La tournure des événements chez Air France plongée dans une profonde crise sociale suscite de vives inquiétudes chez son partenaire néerlandais KLM et creuse les différends dans le mariage de raison qui unit les deux compagnies aériennes.
Alors que le transporteur tricolore nage en eaux troubles, fragilisé par un mouvement de grève qui a provoqué le départ du PDG du groupe, le laissant vulnérable dans un ciel ultra-concurrentiel, les salariés de KLM sont lassés et en colère.
La crise met en lumière les profondes différences culturelles et sociales entre les deux pays : les Néerlandais ne sont pas habitués aux conflits sociaux qui tournent aux rapports de force entre direction et syndicats.
"Demander une hausse du haut d'une barricade en remuant un drapeau est absurde", s'exclame Robert Swankhuizen, à la tête du syndicat national des mécaniciens au sol NVLT de KLM, fervent partisan du "compromis", caractéristique de l'état d'esprit néerlandais.
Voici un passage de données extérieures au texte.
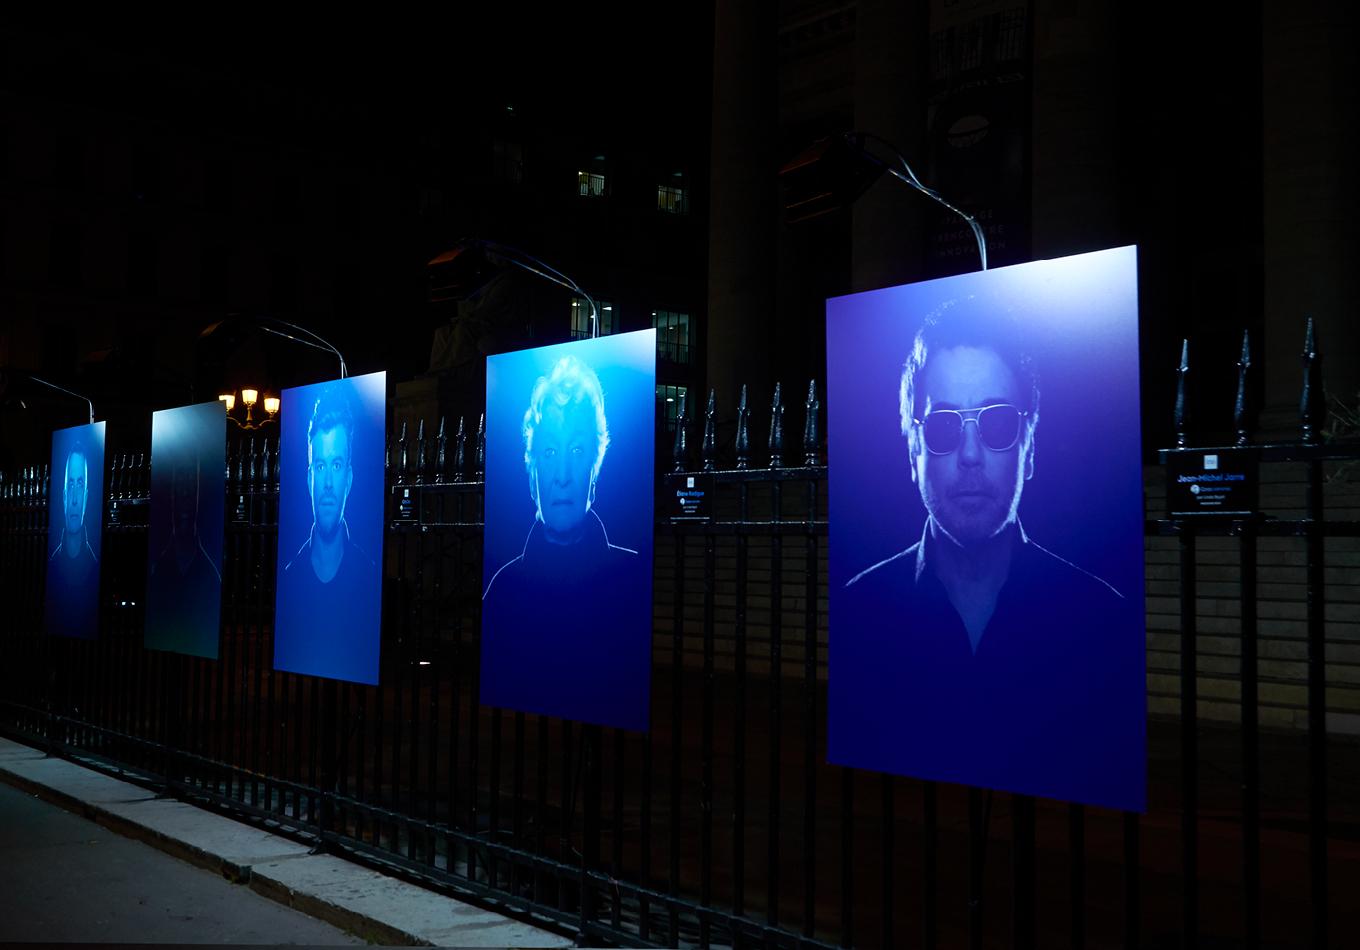 portrait de famille contemporain - INA - Inasound - exposition photographique grilles du palais Brongniart - GRM - corps sonores pièce sonore

"En discutant calmement on arrive toujours à quelque chose", déclare-t-il à l'AFP.
Quant au départ du patron du groupe, Jean-Marc Janaillac, désavoué par les salariés français, il est tout aussi "incompréhensible" que "stupide" aux yeux des salariés de KLM. "Avec lui, KLM a prospéré. Il va manquer au groupe, c'est quelqu'un de très ouvert", poursuit M. Swankhuizen.
- Les "dindons de la farce" -
La pilule est difficile à avaler pour la compagnie néerlandaise qui voit ses bénéfices s'évaporer au fur et à mesure que le conflit se prolonge à Air France. Les mauvais résultats du groupe au premier trimestre sont exclusivement dus à la compagnie française.
Air France-KLM (PA:AIRF) affiche une perte d'exploitation de 118 millions d'euros, dont 178 pour Air France quand KLM affiche un bénéfice d'exploitation de 60 millions. La grève a pesé à hauteur de 75 millions.
"Il ne peut pas y avoir KLM la fourmi et Air France la cigale, ça ne pourra pas durer", a déclaré lundi sur la radio France Inter Richard Ferrand, chef de file des députés du parti du président Emmanuel Macron.
Alors que le gouvernement français a averti que l'Etat ne viendrait pas à la rescousse du transporteur, la ministre des Transports Elisabeth Borne s'est entretenue avec son homologue des Pays-Bas au téléphone lundi soir pour évoquer l'avenir du groupe, selon les médias néerlandais.
L'intersyndicale d'Air France réclame 5,1% d'augmentation en 2018, après six ans de gel des grilles salariales, des exigences "irresponsables", selon Robert Swankhuizen.
"Les compagnies du Golfe n'attendent que ça pour venir grappiller des parts de marchés en Europe", prévient-il.
"Jusqu'où allons nous accepter la situation? Nous sommes les dindons de la farce et pris en otage", lâche le syndicaliste néerlandais.
- "nous sommes agacés" -
En juillet, une enquête réalisée par les syndicats franco-néerlandais auprès de cinquante managers de la compagnie aérienne avait déjà révélé "une grande méfiance mutuelle" entre Air France et KLM, chaque partie accusant l'autre de laisser passer ses propres intérêts avant ceux du groupe.
Mais les différends culturels ou sociaux "sont propre à tout mariage, de surcroît lorsqu'il s'agit d'une union entre deux grands groupes internationaux", raisonne Leen van der List, dirigeant du syndicat FNV, le plus important des Pays-Bas.
Les différences sont "toujours surmontables", abonde Robert Swankhuizen. "A condition qu'il y ait des progrès sur la communication entre les syndicats et la direction en France", glisse-t-il.
Mais si le mariage avec les Français bat de l'aile, les Néerlandais ne demandent pas pour autant le divorce.
"Cette union est nécessaire pour les deux parties. Nous sommes agacés, mais sans ce mariage, nous ne serions plus là", souligne M. van der List.
"Nous pouvons nous plaindre et taper des pieds mais nos deux groupes sont tellement liés, et il ne faut pas oublier que KLM est devenue ce qu'elle est grâce à cette fusion", ajoute M. Swankhuizen.
Et quand bien même KLM souhaiterait tracer sa route seule, la compagnie néerlandaise ne disposerait pas du choix, rappelle Jan-Willem van Dijk, président du comité d'entreprise de KLM.
"La fusion des deux groupes en 2004 était en fait davantage une acquisition. Le patron, c'est Air France", souligne-t-il, cité par le quotidien néerlandais de référence De Volkskrant.
"Dans tous les cas", sourit Robert Swankhuizen, "l'Etat français ne laissera pas partir la poule aux oeufs d'or".